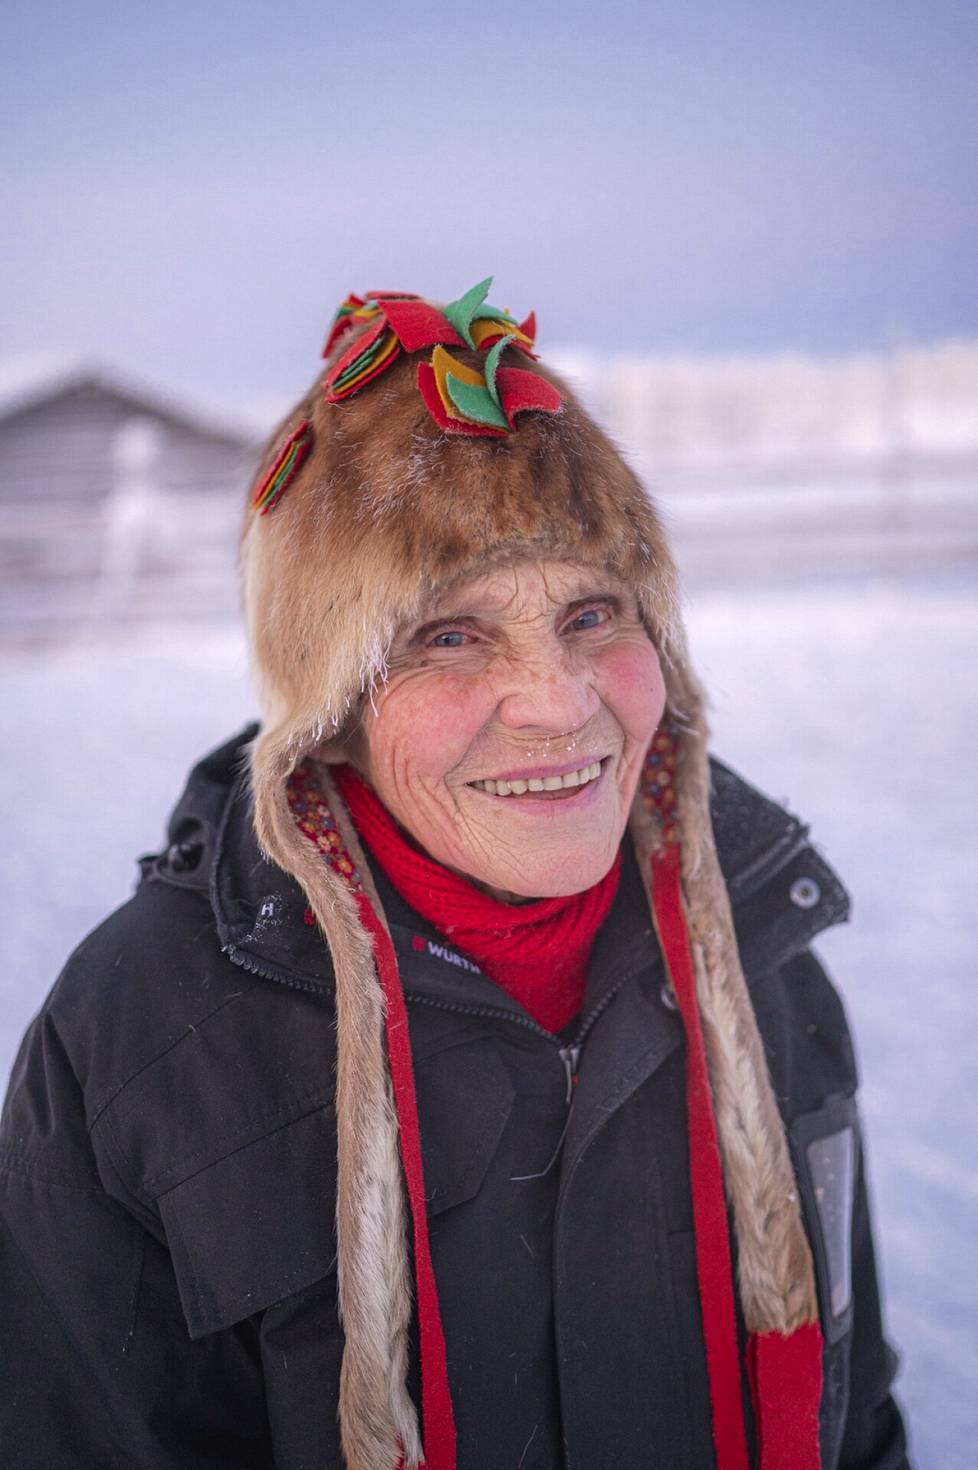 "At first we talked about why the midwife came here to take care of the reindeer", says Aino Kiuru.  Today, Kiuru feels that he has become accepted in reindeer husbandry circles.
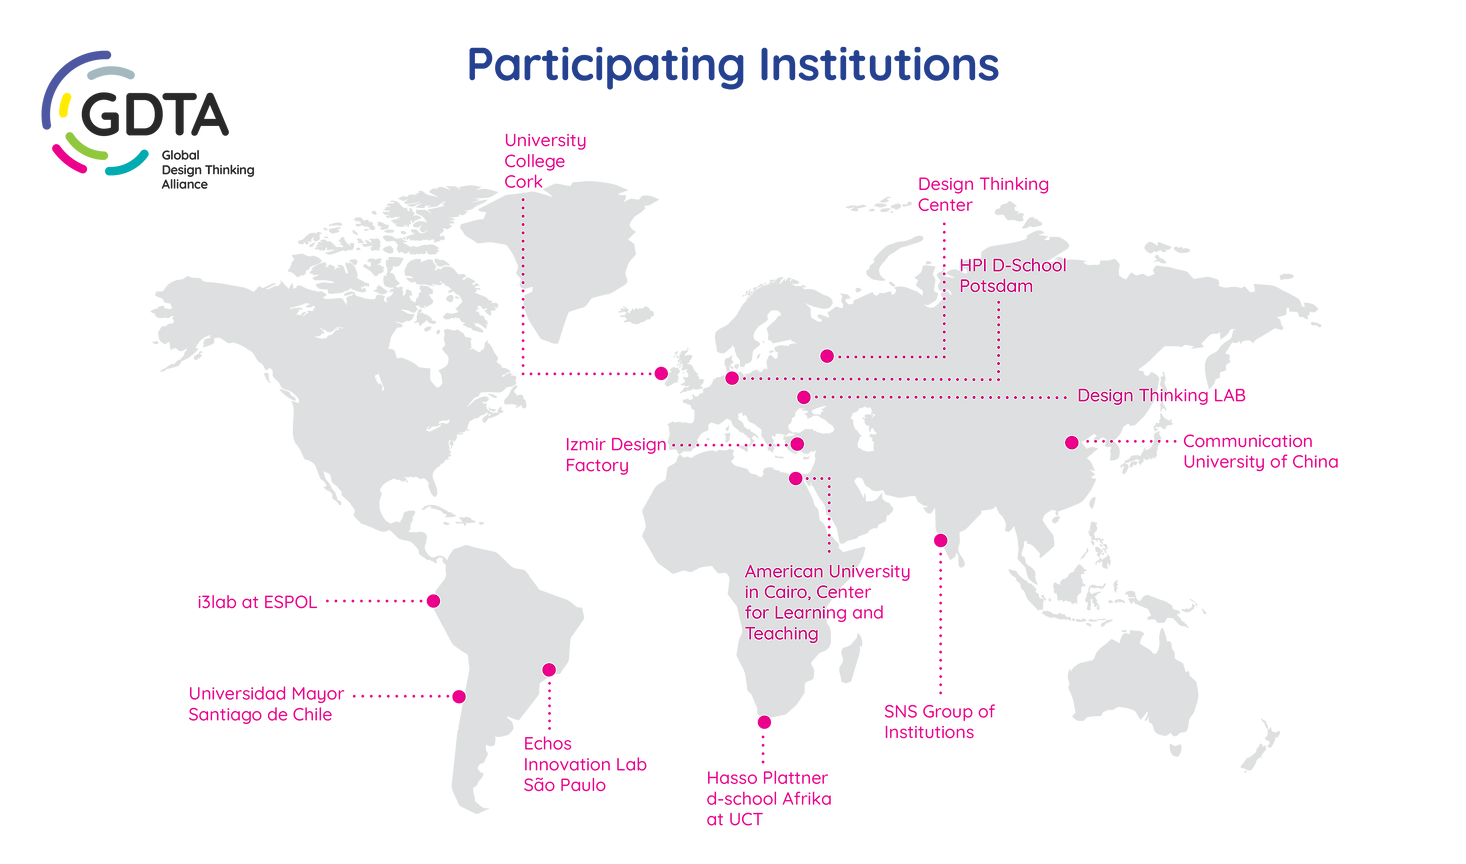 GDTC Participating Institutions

---

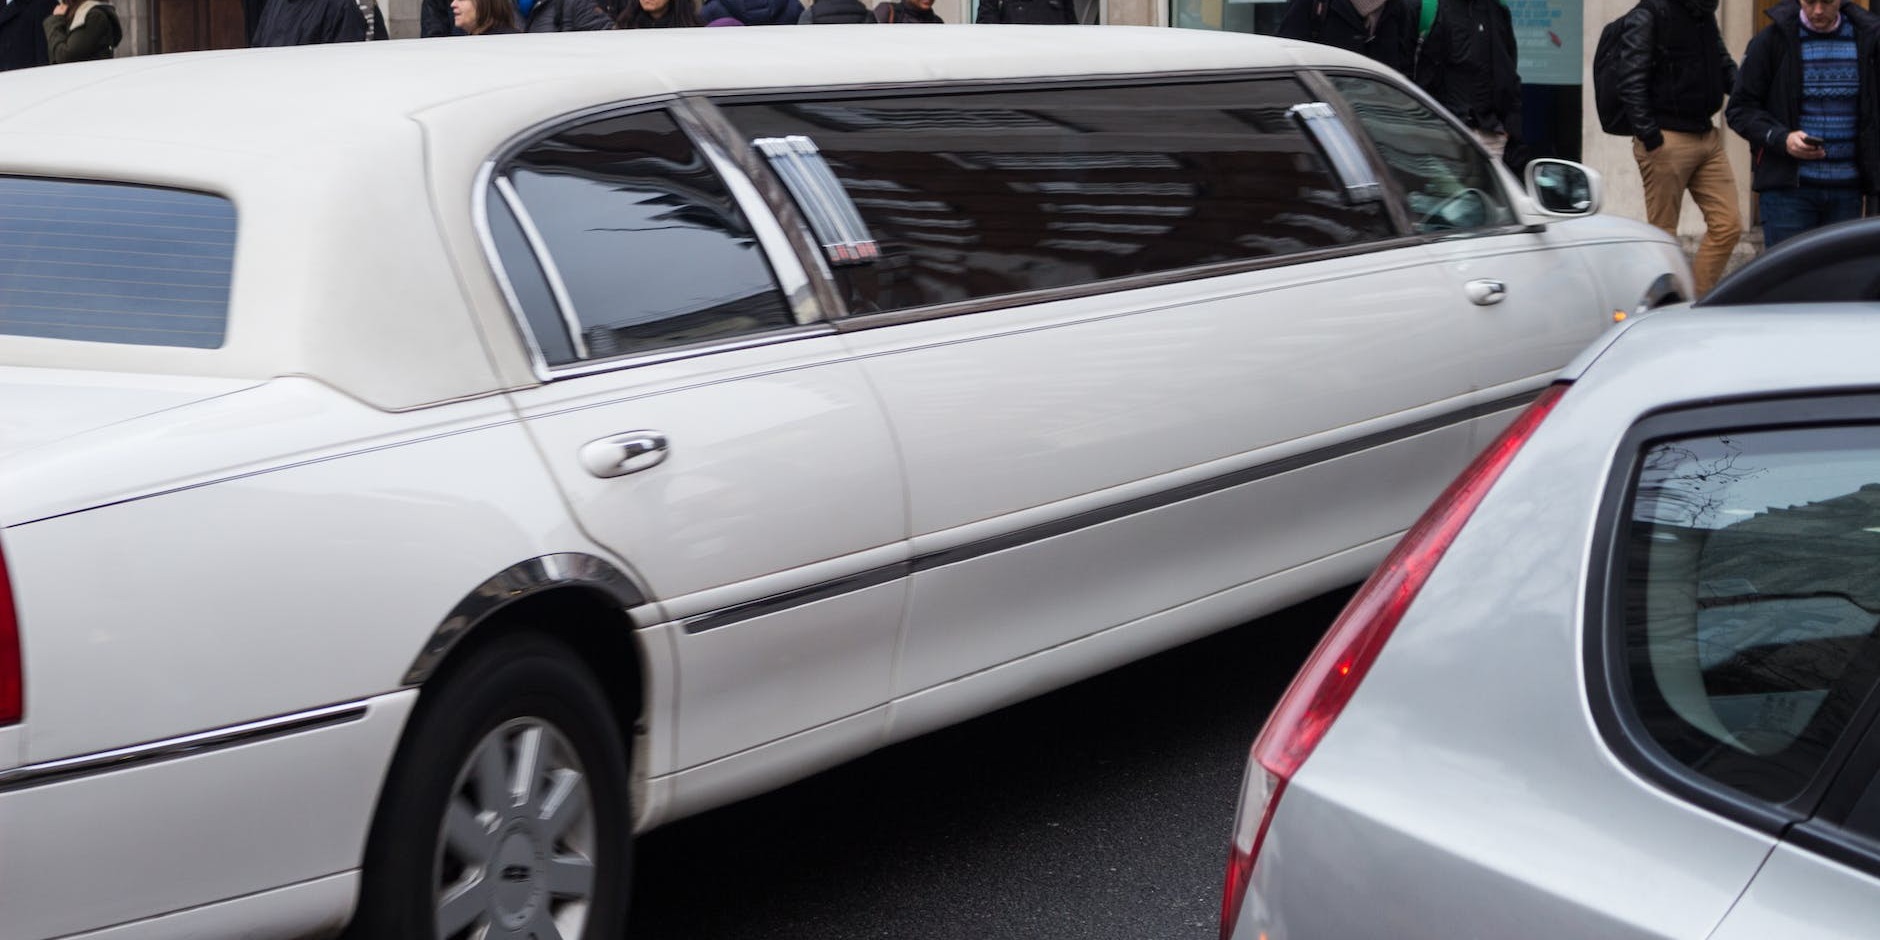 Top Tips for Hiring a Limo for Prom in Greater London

--

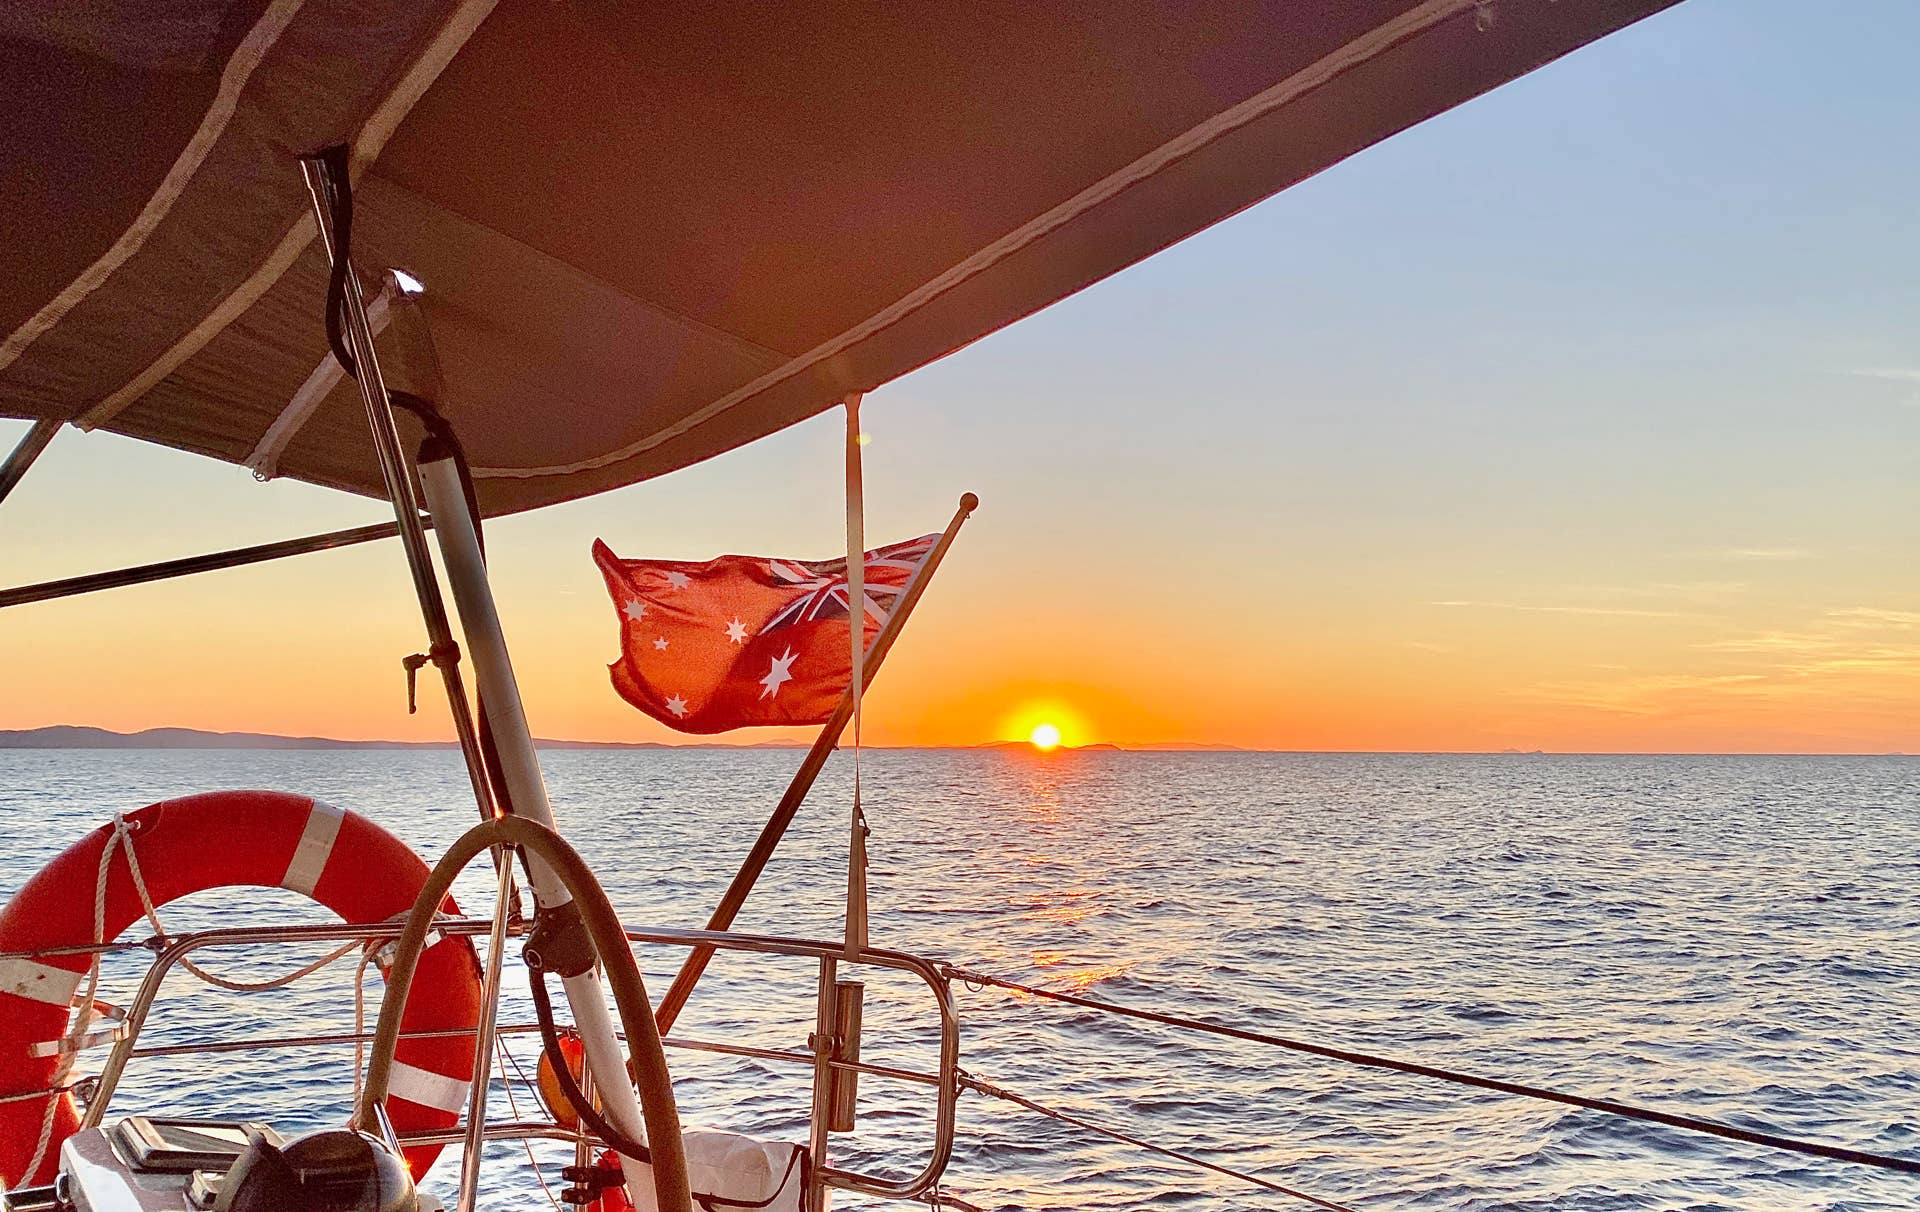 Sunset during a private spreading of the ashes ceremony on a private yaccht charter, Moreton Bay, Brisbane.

[WHAT YOU NEED TO DO]
What are the lines in the records above, word for word, from the one containing "reindeer husbandry circles." through the one containing "GDTC Participating Institutions", both ends included and pictures left out?

[SOLUTION TO THIS EXERCISE]
 "At first we talked about why the midwife came here to take care of the reindeer", says Aino Kiuru.  Today, Kiuru feels that he has become accepted in reindeer husbandry circles.
 GDTC Participating Institutions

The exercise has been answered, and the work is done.